Попал я туда в воскресенье вечером. Лиза — так звали эту блондинку — сейчас же меня под свою опеку взяла. Должно быть, чувствовала, что ради нее я и пришел; у всех женщин насчет этого нюх замечательный. Представила она меня своим отцу и матери. Ничего, люди хорошие. Он отставной военный, она эдакая наседка, в дочерях души не чает. Все у них в доме так обстоятельно, чисто и даже изящно. Дочери все симпатичные, приветливые, и из них Лиза самая образованная и развитая. Она массу прочла, понимала искусство и много думала о взаимных отношениях людей, — так, по крайней мере, говорила. Разговаривать с нею для меня всегда было огромным наслаждением, особенно один на один. Редко только это удавалось. У них всегда собиралось много народу, особенно в воскресенье, и всякий был чем-нибудь замечателен.

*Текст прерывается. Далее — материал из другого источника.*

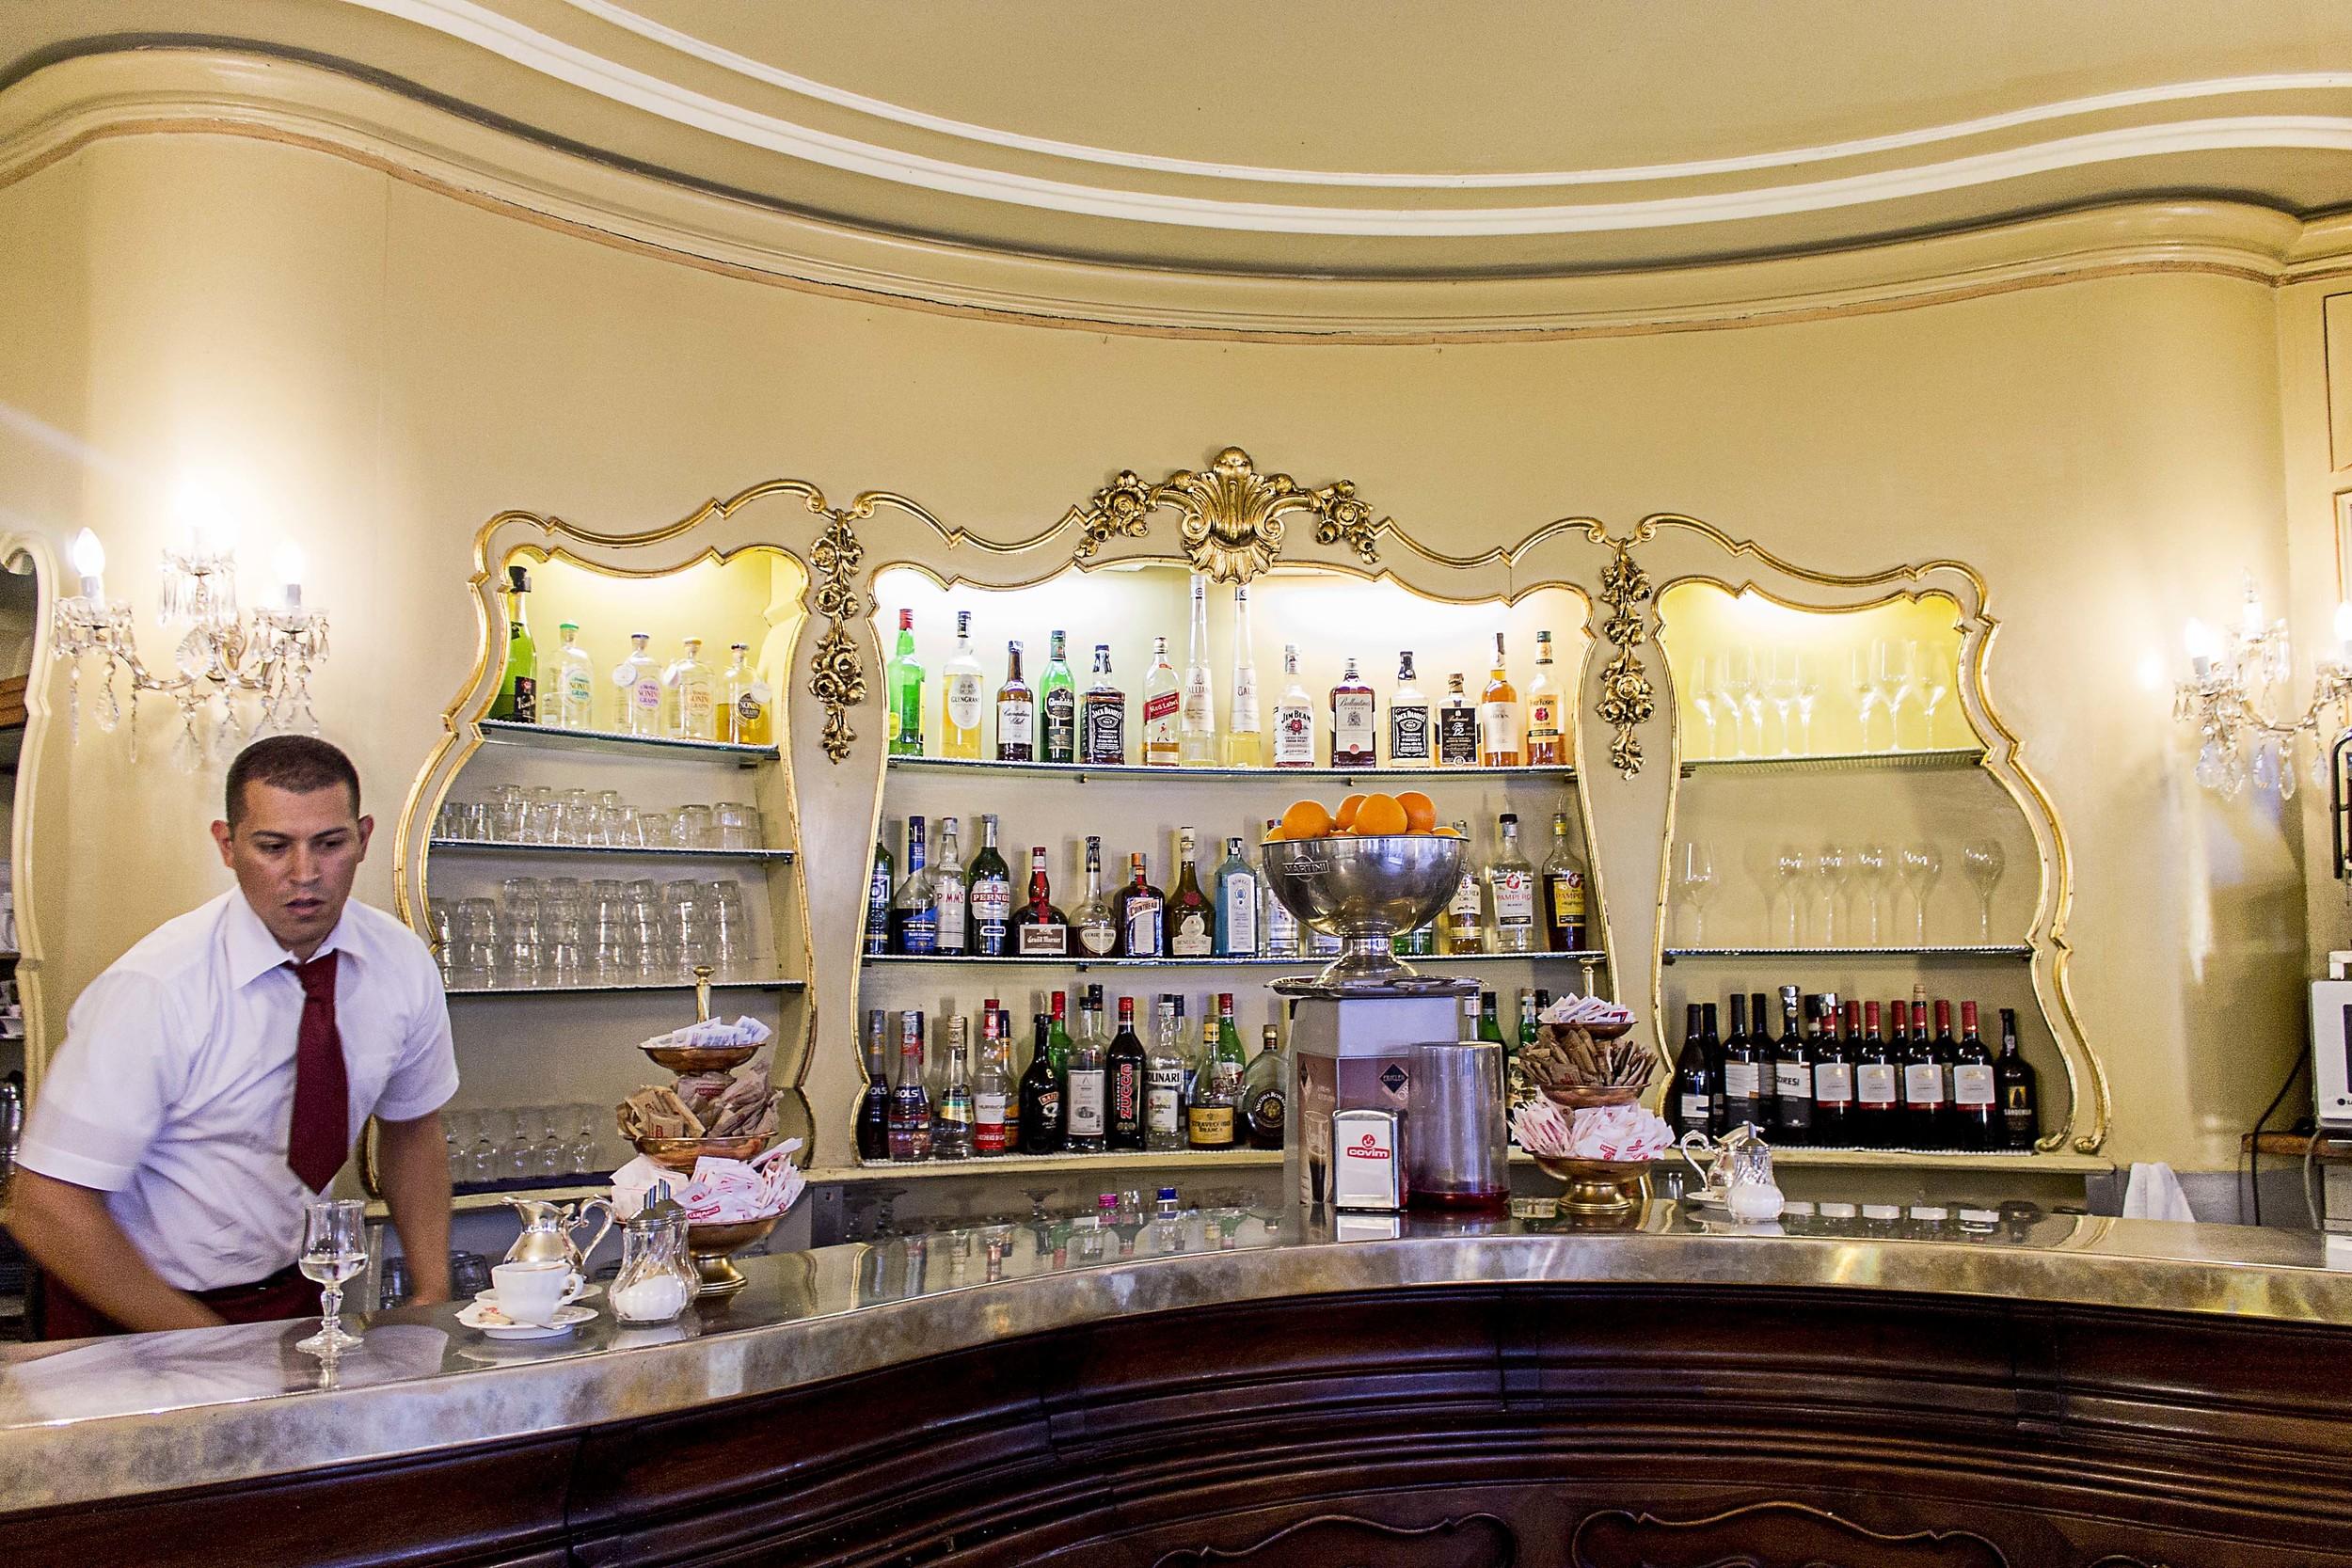 The beautiful and quite stunning interior of the bar of Klainguti's.

Юрист, с которым гуляла Лиза, пел, и довольно недурно. Любимыми его романсами были: «Под душистою веткой сирени»[3] и еще другой, производивший на меня сильное впечатление. Особенно нравился мне в нем куплет:

   Нам блаженства с тобой    Не дадут, не дадут…    А тебя с красотой    Продадут, продадут…

Лиза тоже слушала эти слова с особенным, задумчивым выражением лица.

Бывал у них еще другой юрист — тот артистически играл на балалайке и на мандолине. Потом приходил бухгалтер — штатский господин с тараканьими усами, которого я часто видел в окно, он замечательно рассказывал анекдоты и звукоподражал.

Офицеры — их бывало трое — все вели себя солидно, настоящими женихами, изредка только ревновали друг к другу которую-нибудь из сестер, да и то не сильно.

Особенно весело бывало за ужином: говор, смех, рассказы друг о друге, и все это просто, искренно.

После двух-трех посещений я полюбил эту семью больше, чем свою. Не нравился мне только Лизин юрист, не любил я и его пения. Мягко льется, бывало, его сильный баритон под звуки рояля. В большой гостиной тишина. Лиза, подпершись рукой и положив ногу на ногу, сидит и с юриста глаз не сводит.

Прозвучат два-три последних аккорда, голос их покроет и потом, затихая, вдруг умолкнет. Я тоже присмирею, но вместо того, чтобы увлекаться пением, начинаю думать о том, что в животном мире гармонические звуки играют огромную роль и, несмотря на всю их поэзию, цель имеют самую прозаическую. Ведь не поет же соловей после того, как самка уже сидит на яйцах. Значит, ему своим пением нужно было только ее увлечь. И досадно мне всегда делалось от этих мыслей, и больно, и обидно за все живое, и в особенности за Лизу.

Ревность тогда меня не мучила, потому что Лиза, как мне казалось, особого внимания юристу не оказывала, а со мною была ласкова и часто ходила гулять. Месяца через два я успел себя уверить, что она рано или поздно будет моей женой.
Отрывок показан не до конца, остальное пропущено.